Status legend: Stable = full ConnectorMixin interface implemented and tested. LLM = LLM assistant connector; wraps an AI API rather than a security platform; read-only, no STIX write-back. Beta = connector scaffolded but not yet fully integrated.


Deployment Architecture

Why single VM: All workloads are I/O-bound (network calls to APIs, file writes). CPU is idle 95%+ of the time. A B2ms (2 vCPU, 8GB RAM) handles 30+ scheduled feeds, export pipelines, and daily reports without contention.

Three services:

Service 1: gnat-scheduler.service
  — FeedScheduler running all ingest, export, curation, and report jobs
  — Restarts automatically on failure (missed one run = acceptable)
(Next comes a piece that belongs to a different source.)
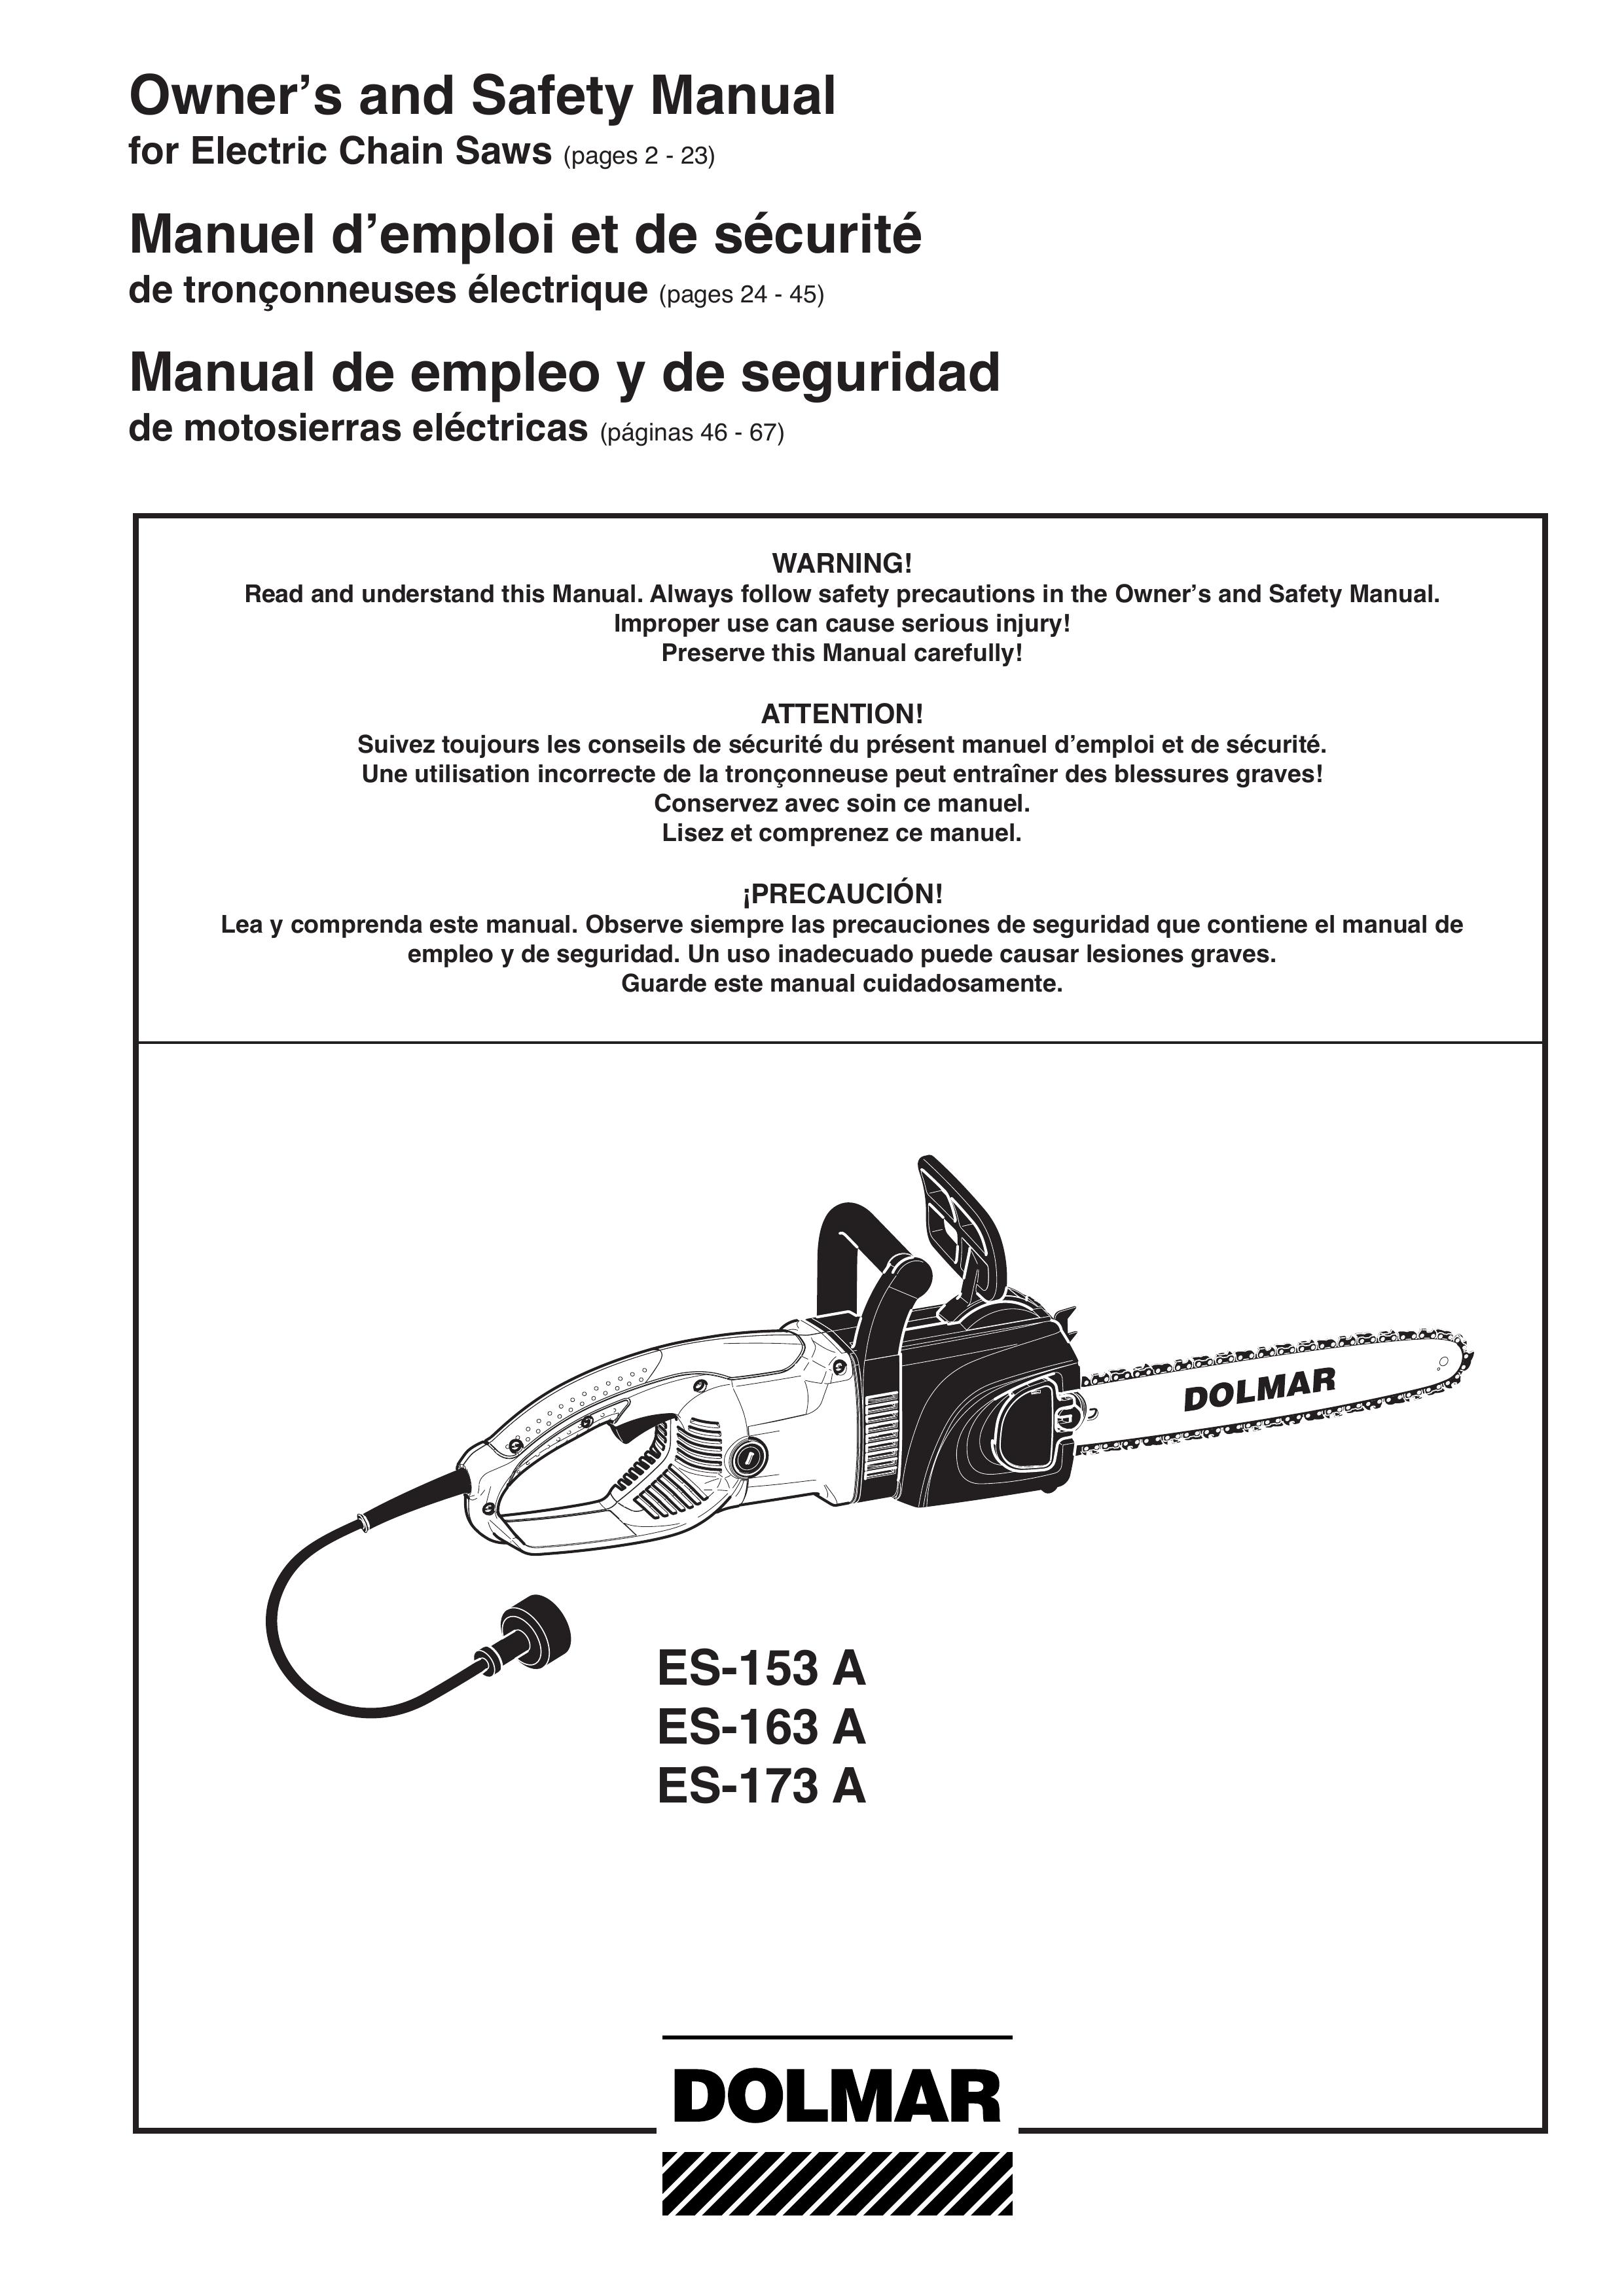 Dolmar ES-153 A Chainsaw User Manual

Service 2: gnat-edl.service
  — EDLServer on port 8080 (or behind nginx)
  — Reads pre-written files; completely independent of scheduler
  — Firewalls poll this; uptime matters more than scheduler uptime

Service 3: gnat-monitor.service (optional)
  — Lightweight HTTP endpoint returning scheduler.summary() as JSON
  — Azure Monitor or simple ping check hooks into this

Why separate the EDL server: If the scheduler crashes and restarts (e.g. after a failed API call), the EDL server continues serving the last-written files. Firewalls never see a gap. Keeping them as separate services provides the only fault isolation that actually matters.

Azure specifics

systemd service template

# /etc/systemd/system/gnat-scheduler.service
[Unit]
Description=GNAT Feed Scheduler
After=network.target

[Service]
Type=simple
User=ctmsak
WorkingDirectory=/opt/gnat
ExecStart=/opt/gnat/venv/bin/python -m gnat.scheduler_main
Restart=on-failure
RestartSec=30
Environment=GNAT_CONFIG=/etc/gnat/config.ini

[Install]
WantedBy=multi-user.target

Data Flow

Ingest flow

External Source (ThreatQ, RF, Feedly, TAXII, CSV, ...)
  ↓  SourceReader._iter_records()
  ↓  RawRecord (dict)
  ↓  RecordMapper.map()
  ↓  STIXBase objects
  ↓  DeduplicationCache (optional)
  ↓  Workspace.add() or GNATClient.upsert_object()
  ↓  IngestResult (total_records, written_objects, errors)

Export flow

Workspace or GNATClient
  ↓  ExportFilter.apply() (type, confidence, TLP, sector, ...)
  ↓  ExportTransform.transform() (EDL text, Netskope CE JSON, STIX bundle, CSV)
  ↓  ExportDelivery.deliver() (file, HTTP, EDL server, platform, email, SP)
  ↓  DeliveryResult

AI research flow

Topic / Monitored URL list
  ↓  ResearchAgent._iter_records() [Claude + web search]
  ↓  RawRecord {text, url, topic, metadata}
  ↓  ParsingAgent.map() [Claude structured extraction]
  ↓  STIXBase objects (confidence ≤ 60, x_source_type=ai_extracted)
  ↓  Workspace → analyst review
  ↓  ResearchLibrary.promote() → staging
  ↓  CurationJob → library

Report generation flow

Workspace / Library
  ↓  DataAggregator.run() — pure data, no AI
  ↓  ReportAggregates (counts, distributions, top-N lists)
  ↓  ReportSynthesizer.synthesize() — one Claude call per section
  ↓  ReportDocument (ordered sections: data + narrative)
  ↓  Renderer (Markdown → HTML → PDF → DOCX)
  ↓  Delivery (email SMTP, SharePoint Graph API)

Key Design Decisions

1. urllib3 foundation, no requests

BaseClient uses urllib3 directly. No third-party HTTP library dependency beyond urllib3 (already a transitive dep of most Python environments). Connection pooling, retry/backoff, and SSL verification all handled at the BaseClient level — connectors inherit this transparently.

2. STIX as lingua franca

All cross-platform data passes through STIX 2.1 objects. to_stix() converts native platform data to STIX; from_stix() converts back. This means a workflow like “pull from CrowdStrike, enrich with Recorded Future, push to ThreatQ” requires no platform-specific logic in the pipeline — just connector configuration.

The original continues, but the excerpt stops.